• _Given records_:
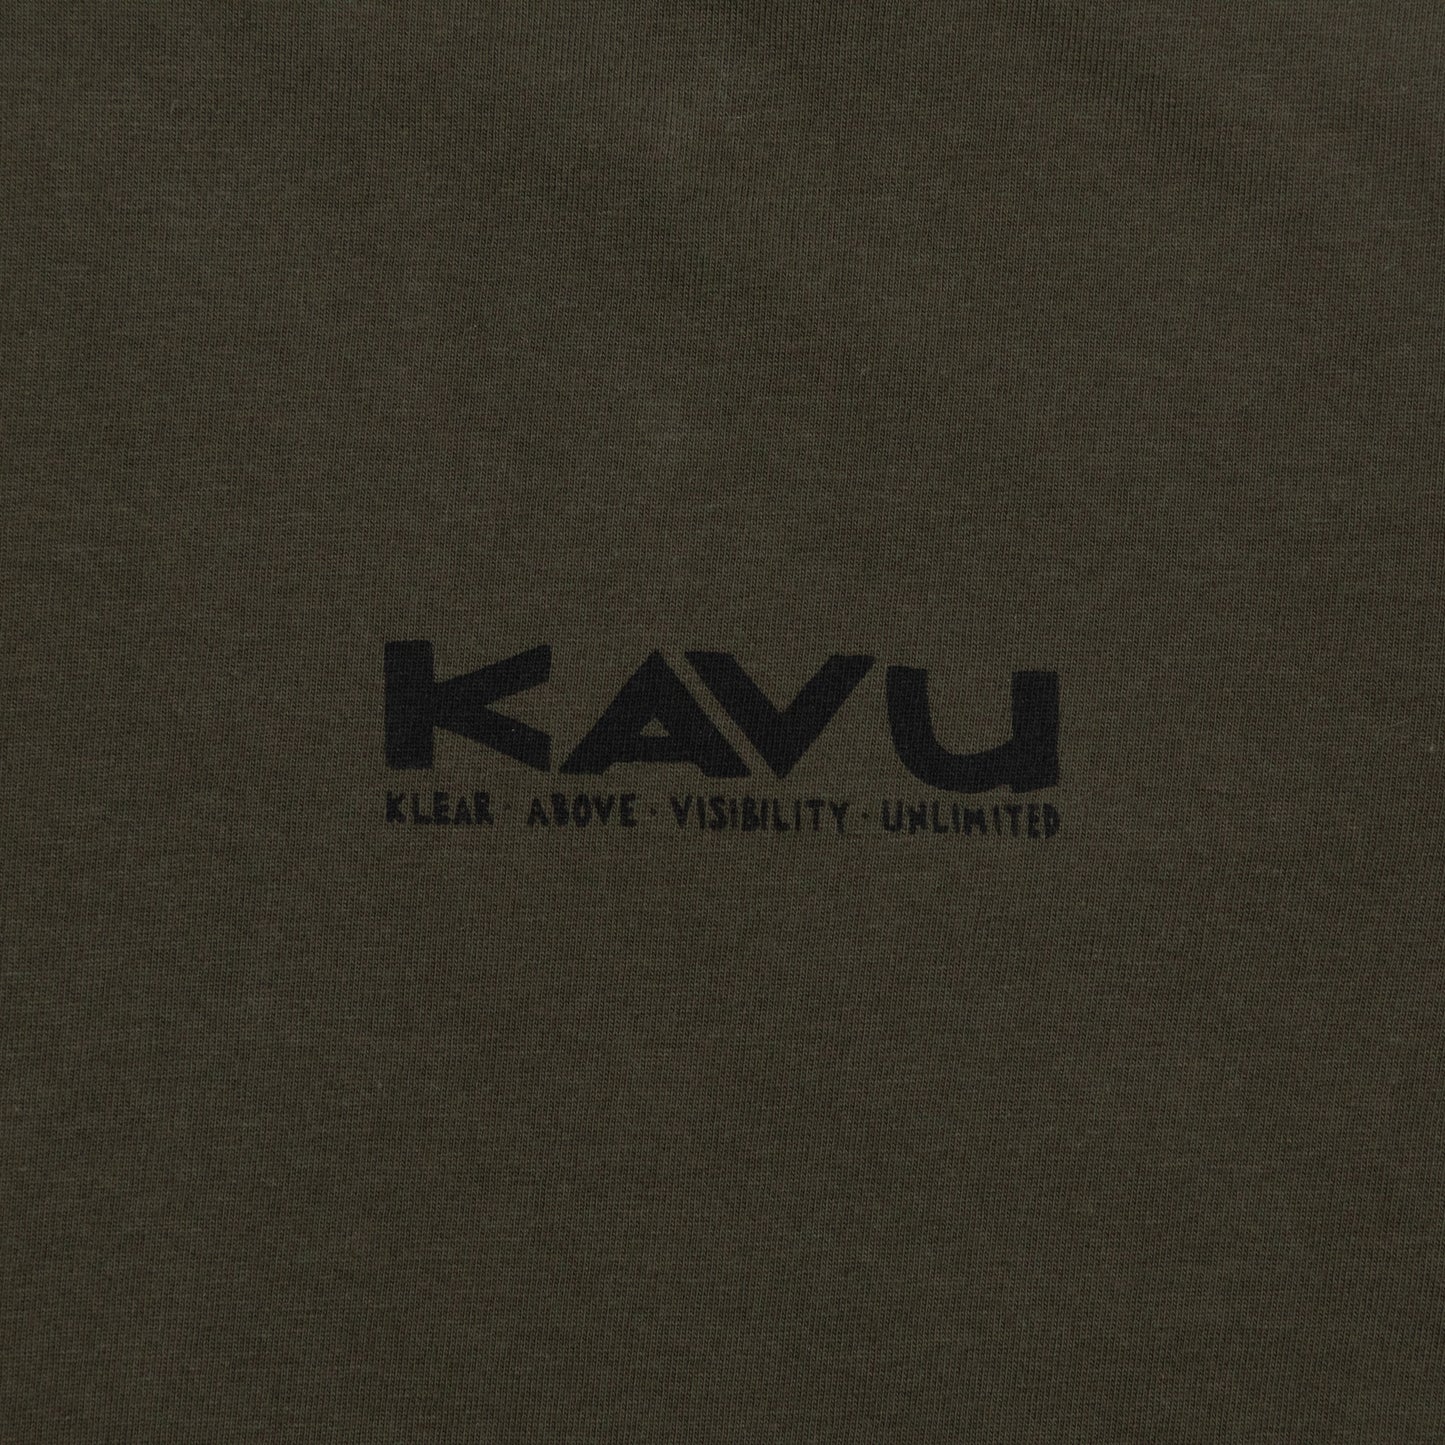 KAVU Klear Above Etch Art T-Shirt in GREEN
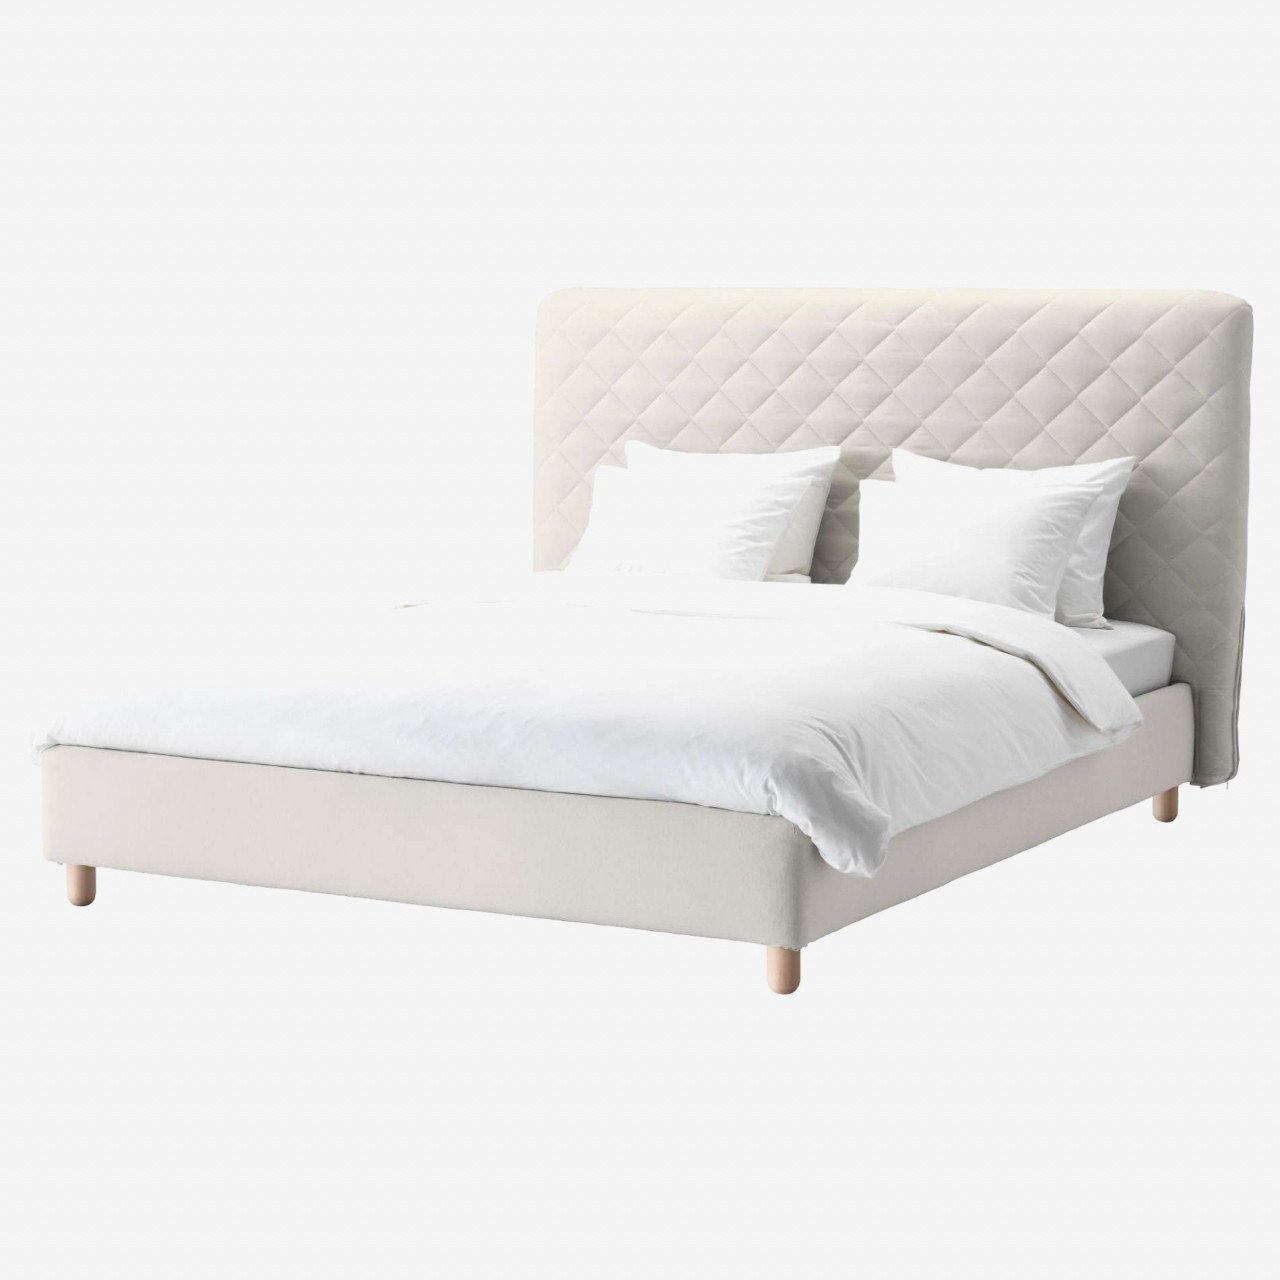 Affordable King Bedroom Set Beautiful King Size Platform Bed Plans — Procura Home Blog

---

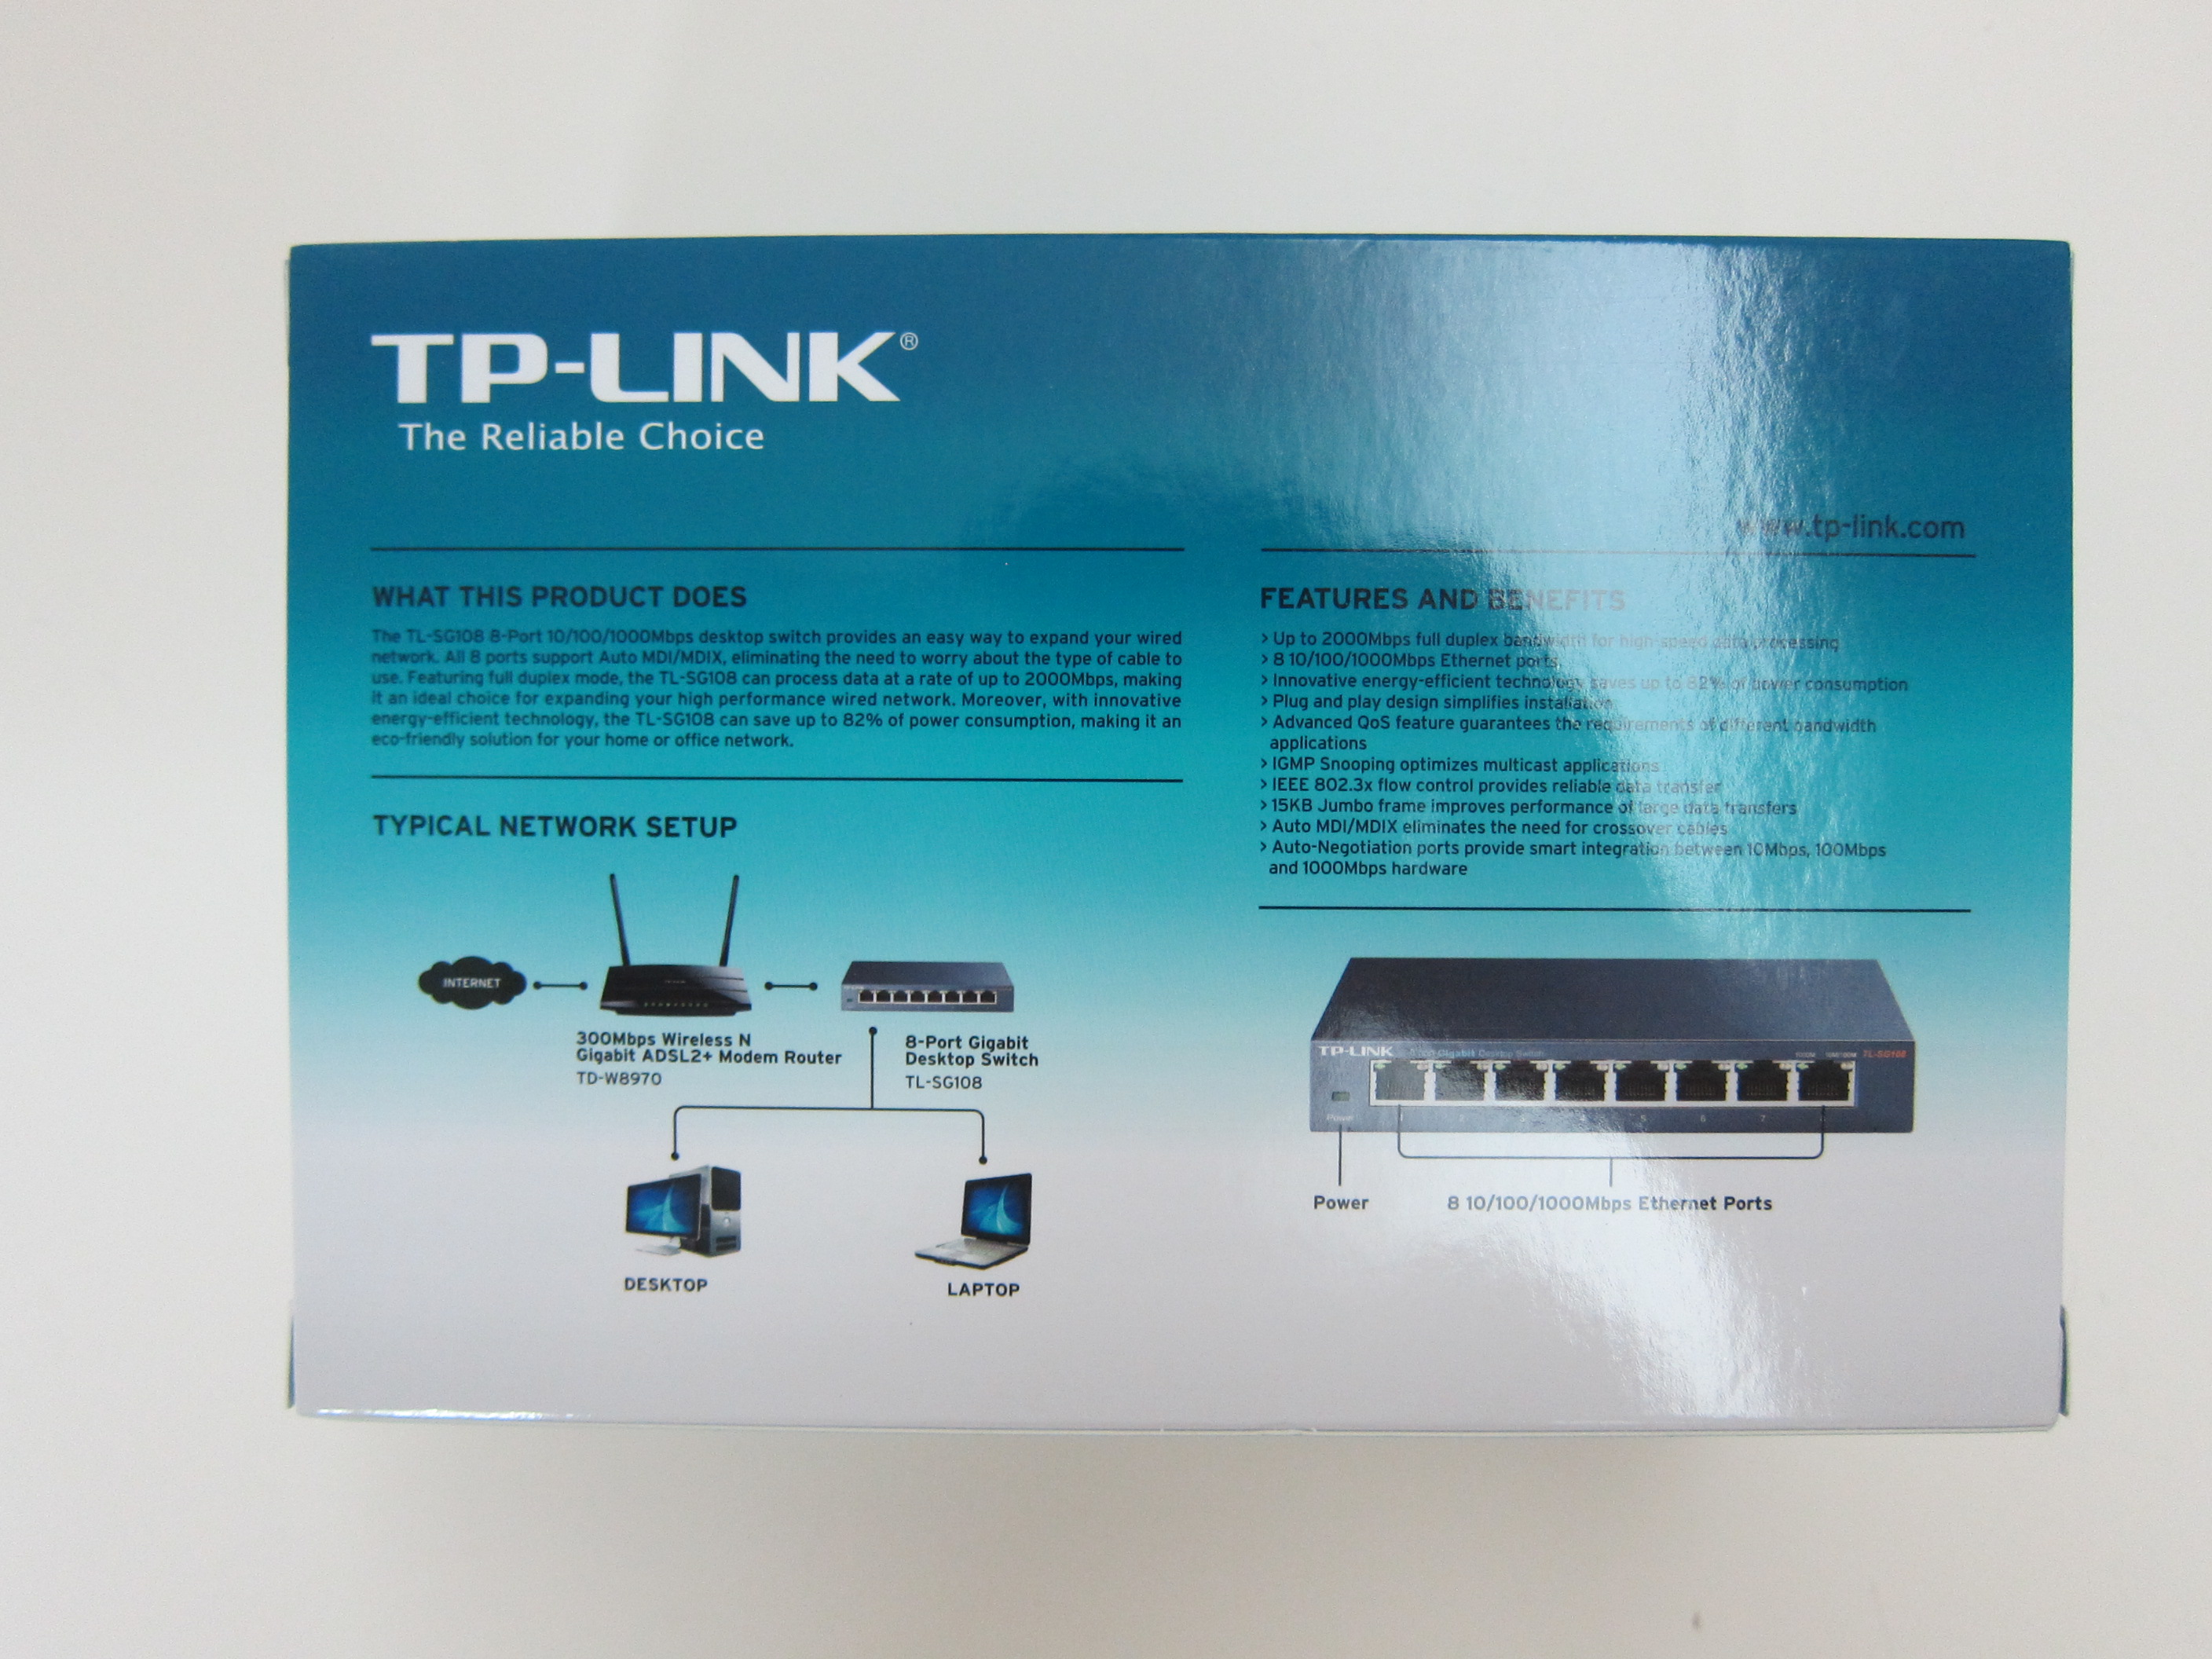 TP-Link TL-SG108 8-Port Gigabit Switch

• _Requirement_:
Would you copy out, exactly and with no pictures, only the lines above from the one that contains "KAVU Klear Above Etch Art T-Shirt in GREEN" through the one that contains "Affordable King Bedroom"?

• _Solution for this problem_:
 KAVU Klear Above Etch Art T-Shirt in GREEN
 Affordable King Bedroom Set Beautiful King Size Platform Bed Plans — Procura Home Blog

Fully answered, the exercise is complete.